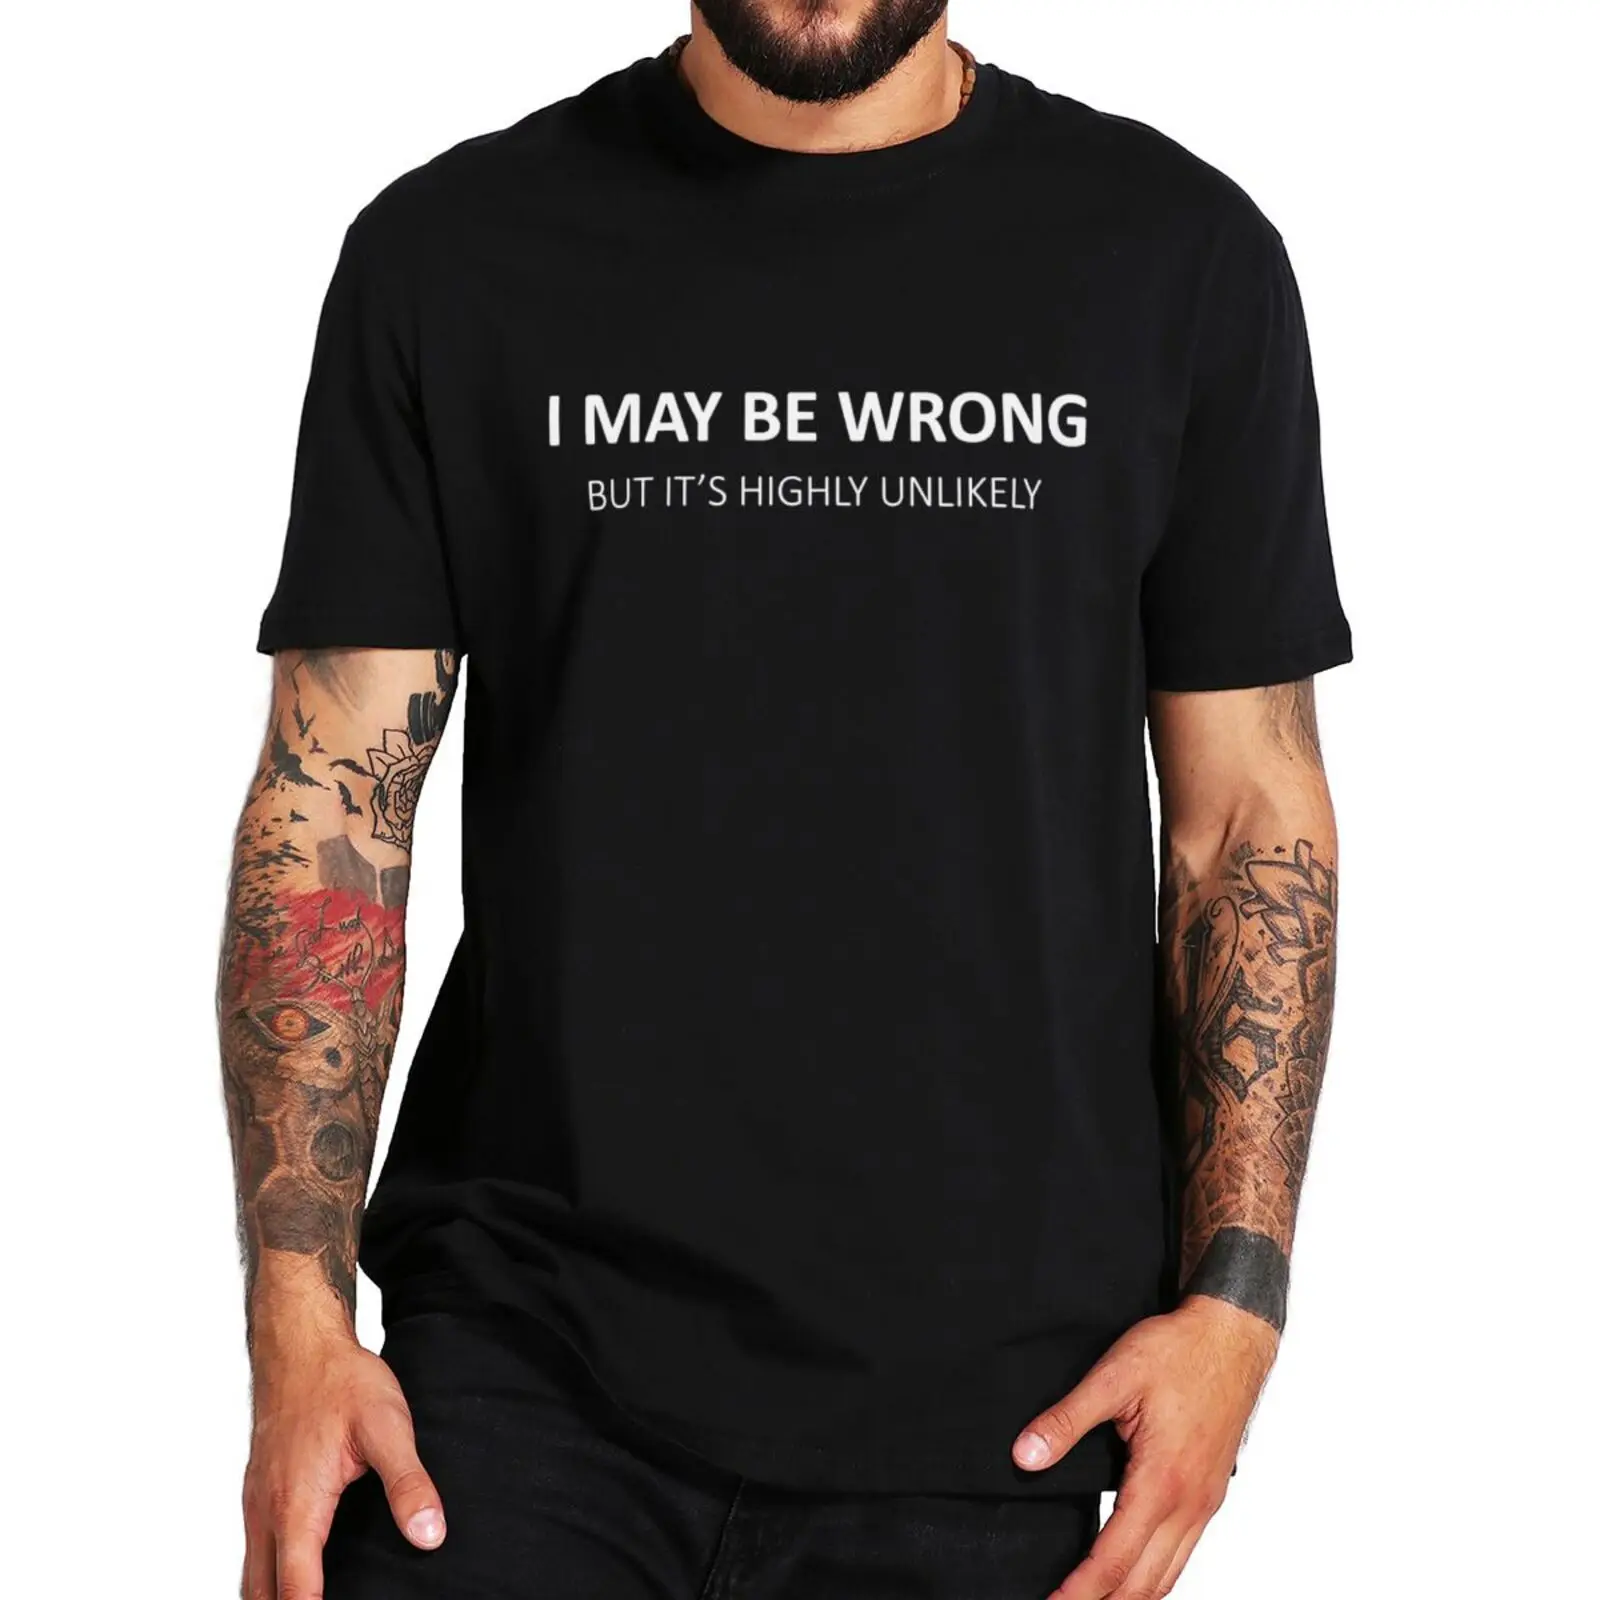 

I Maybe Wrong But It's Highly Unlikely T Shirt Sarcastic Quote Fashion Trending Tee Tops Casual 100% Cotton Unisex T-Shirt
---
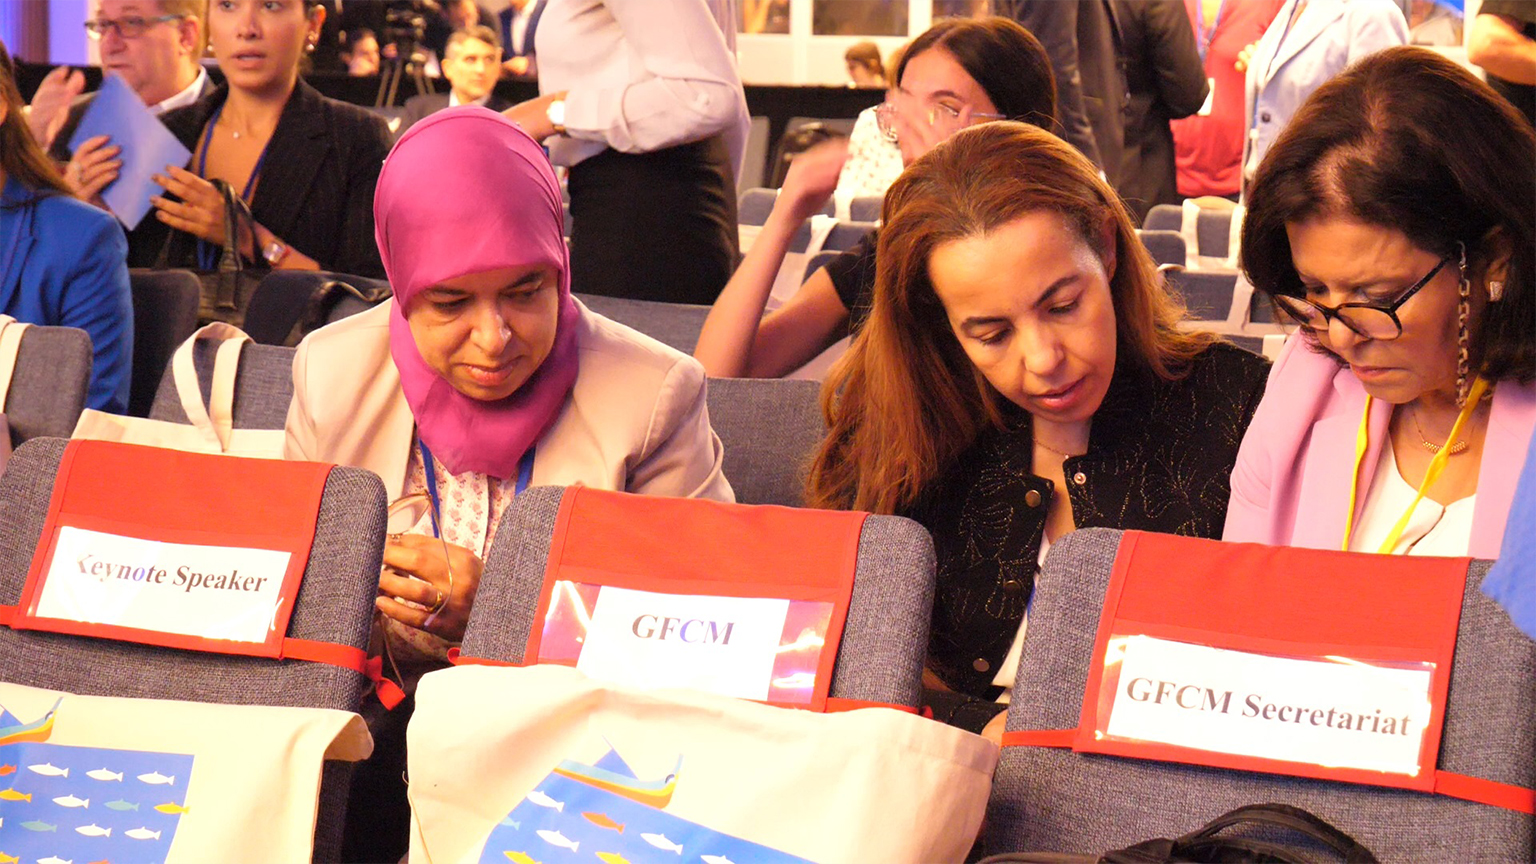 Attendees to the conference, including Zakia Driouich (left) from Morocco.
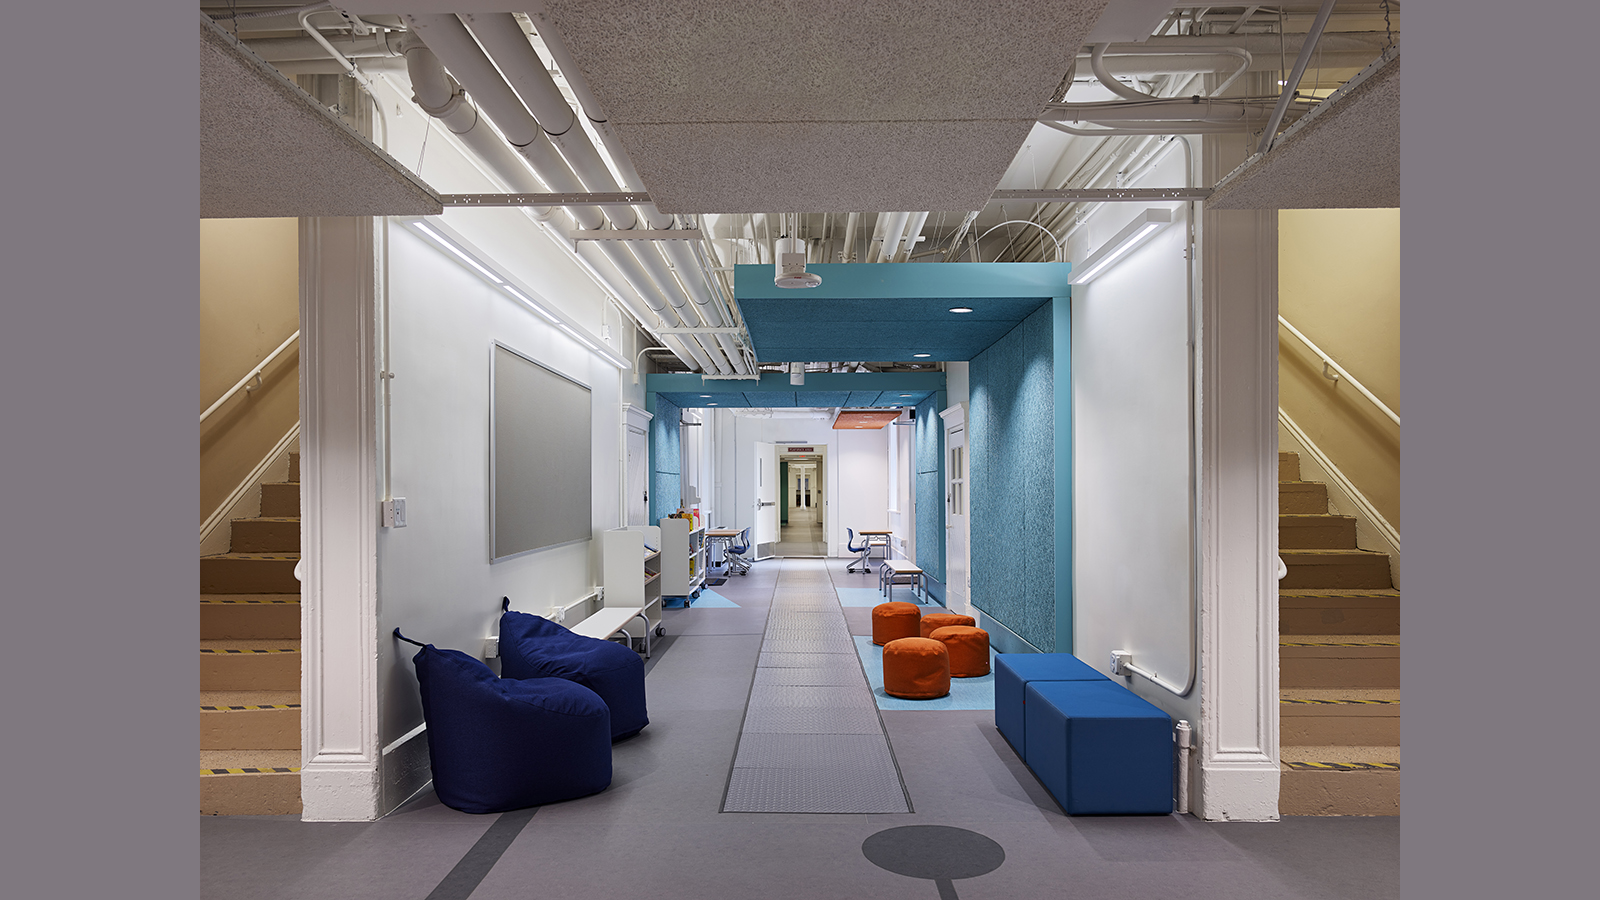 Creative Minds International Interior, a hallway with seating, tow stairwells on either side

» **What you should do**: The stretch above running from the line with "Attendees to the" through the line with "Creative Minds International" is all you should copy, exactly, leaving out the pictures.

» **Reply**:
 Attendees to the conference, including Zakia Driouich (left) from Morocco.
 Creative Minds International Interior, a hallway with seating, tow stairwells on either side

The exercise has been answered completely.